[petsc-users] Pipelined CG (or Gropp's CG) and communication overlap

Mon Mar 17 04:36:59 CDT 2014

Jed,

Thanks ... aren't you sleep in the night? ;-)

Chao

> Chao Yang <chao.yang at Colorado.EDU> writes:
> 
>> The pipelined CG (or Gropp's CG) recently implemented in PETSc is very
>> attractive since it has the ability of hiding the collective
>> communication in vector dot product by overlapping it with the
>> application of preconditioner and/or SpMV.
>> 
>> However, there is an issue that may seriously degrade the
>> performance. In the pipelined CG, the asynchronous MPI_Iallreduce is
>> called before the application of preconditioner and/or SpMV, and then
>> ended by MPI_Wait.

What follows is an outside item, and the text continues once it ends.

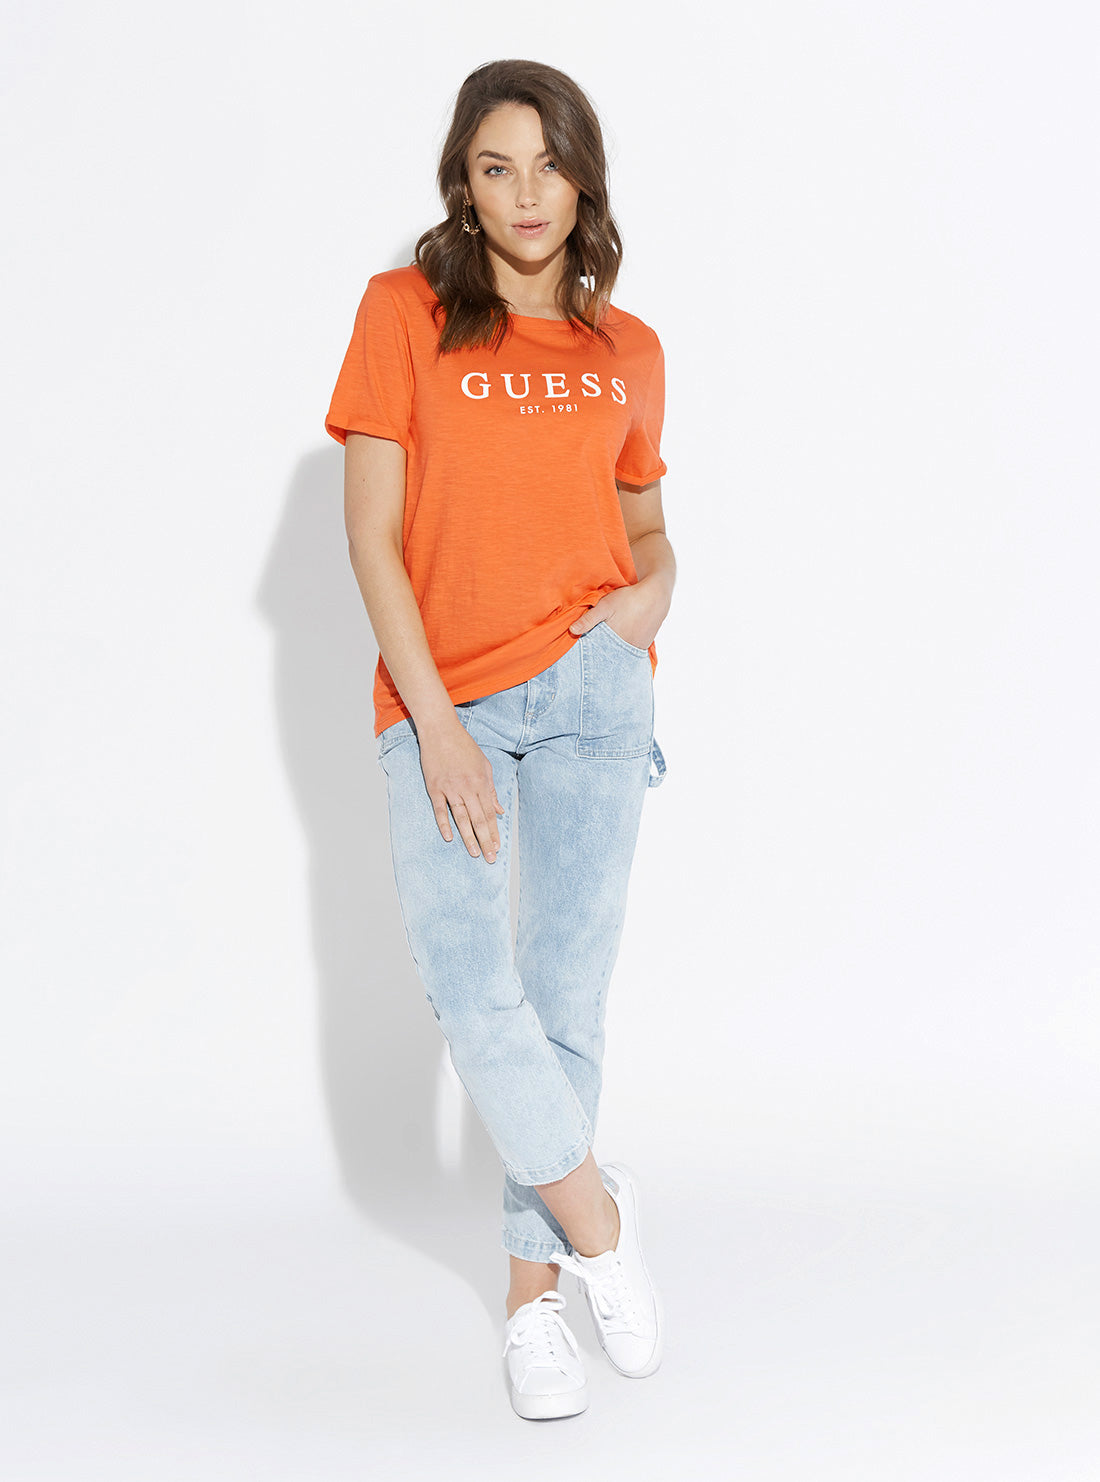 GUESS Womens Eco Orange Short Sleeve GUESS 1981 Rolled Cuff T-Shirt W0GI69R8G01 Full View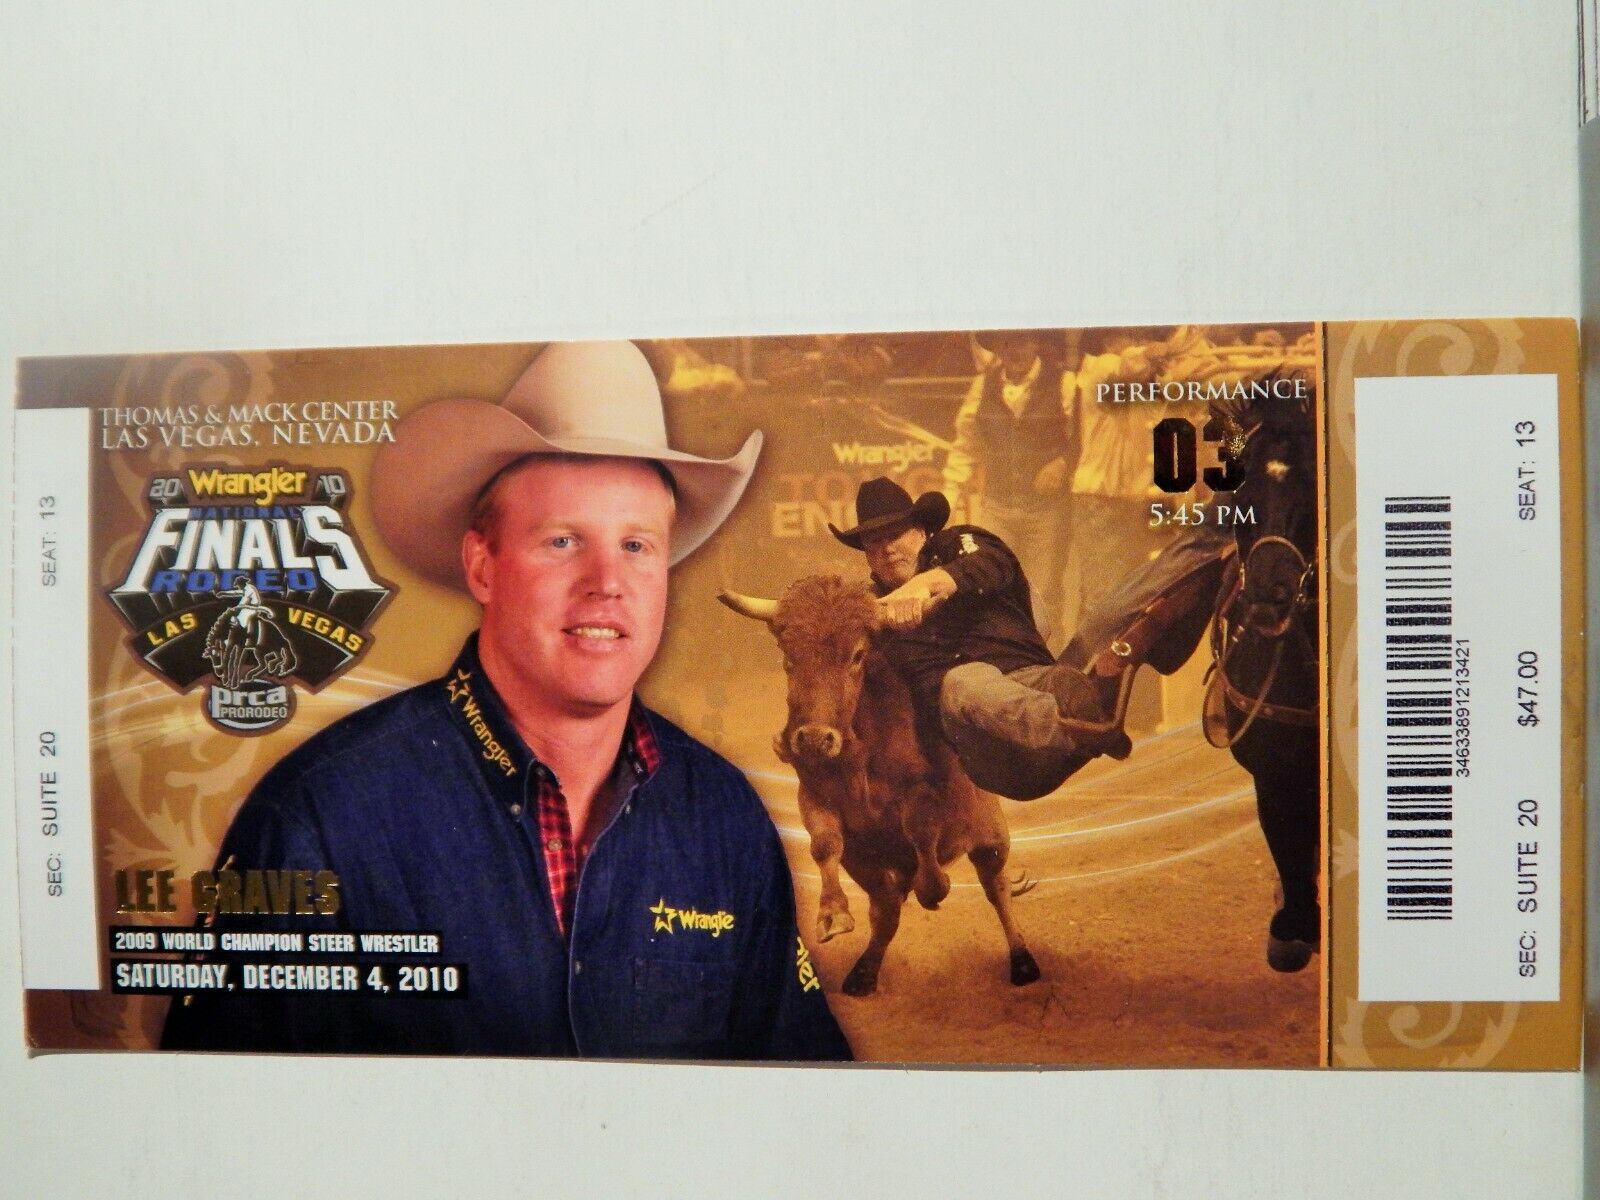 2010 NATIONAL FINALS RODEO LG ORIGINAL USED TICKET LEE GRAVES COLOR Photo Poster painting

In the application of preconditioner and/or SpMV,
>> communication may also be required (such as halo updating), which I
>> find is often slowed down by the unfinished MPI_Iallreduce in the
>> background.
>> 
>> As far as I know, the current MPI doesn't provide prioritized
>> communication. 
> 
> No, and there is not much interest in adding it because it adds
> complication and tends to create starvation situations in which raising
> the priority actually makes it slower.
> 
>> Therefore, it's highly possible that the performance of the pipelined
>> CG may be even worse than a classic one due to the slowdown of
>> preconditioner and SpMV. Is there a way to avoid this?
> 
> This is an MPI quality-of-implementation issue and there isn't much we
> can do about it.  There may be MPI tuning parameters that can help, but
> the nature of these methods is that in exchange for creating
> latency-tolerance in the reduction, it now overlaps the neighbor
> communication in MatMult/PCApply.